Because of this procedure, my sex drive all but crashed. The only reason I was sexually engaged with partners was because I didn’t keep a new partner for very long; or due to schedules I was not seeing partners very often so my want to have sex was higher. This however causes some complications now that I am in a relationship, that I hope will last the rest of my lifetime.

At the beginning of our relationship, Jedi and I had sex pretty regularly. That being, that we copulated at least once a week. These days however, Jedi is lucky if he gets laid every other month. Granted, we practice ethical non-monogamy so he is able to seek sexual relations with other partners and I 100% support this. It does however sometimes put a strain on our relationship. We work through it, and we’re still happily living together and planning to get married to each other, even with our sex life being rather void.

I decided to “come out” if you will, because recently I have decided that I wanted to re-enter the dating pool and take into consideration  a secondary partner. This has been sometimes difficult because as soon as someone who is browsing my profile sees that I am listed as asexual, they tend to stop checking me out. Or even worse, they decide my asexuality is a challenge. The latter is incredibly offensive, and to be perfectly honest in one situation left me feeling violated.

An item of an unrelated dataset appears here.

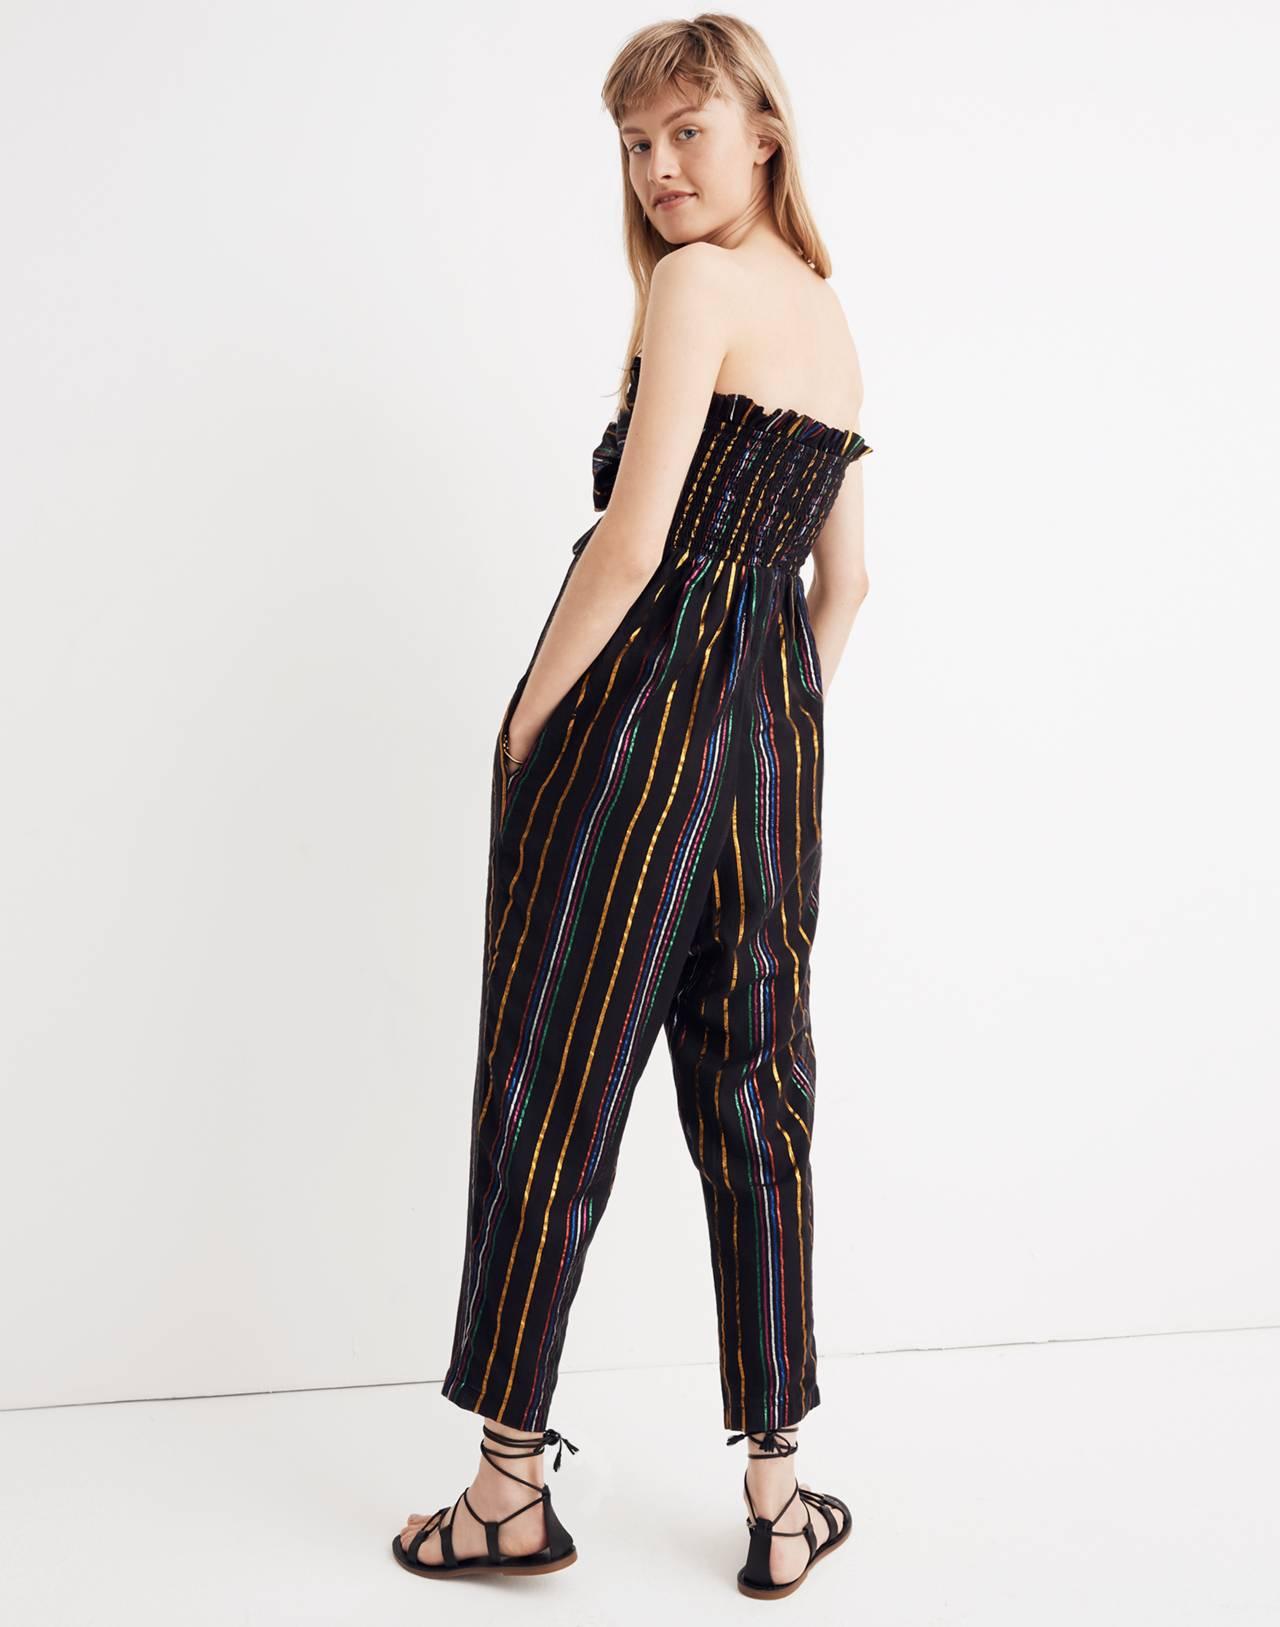 Apiece Apart™ Striped Zaza Gipsea Jumpsuit in black fez stripe image 3

I had been talking to a gentleman through Tinder, and at first his snide comments and jokes about my asexuality were amusing and even funny. However, it quickly became obnoxious. When I extended an invitation to get together for beers or coffee, he commented (warned really) that I needed to be careful because he tended to get gropey.

When I told him that such actions would end the date immediately, he acted as if I was implying that I would be taking him back to my place or going to his to have sex or at least make out. I was quick to advise that the date would in fact not be ending in his favor, and that I did not appreciate being approached in such a manner, much less having my asexuality treated like an achievement to unlock. He stated essentially that if I couldn’t take a joke then he was rescinding his acceptance to the offer of a date. I happily accepted his rescind and blocked him.

I have since had a few more conversations with other gentleman who are accepting, or at least willing to politely discuss my asexuality but finding someone who has an interest in grabbing drinks with someone who is very upfront with the fact that they are not actively seeking a new sexual partner is difficult and really rather frustrating.

I am all for free love and exploring sexuality, but why does lack of sex or lack of interest in sex have to be a deal breaker?

 

*Yes, technically there are 4 types of asexuals. The other two types being those born without male or female genitalia or those born without male or female participation.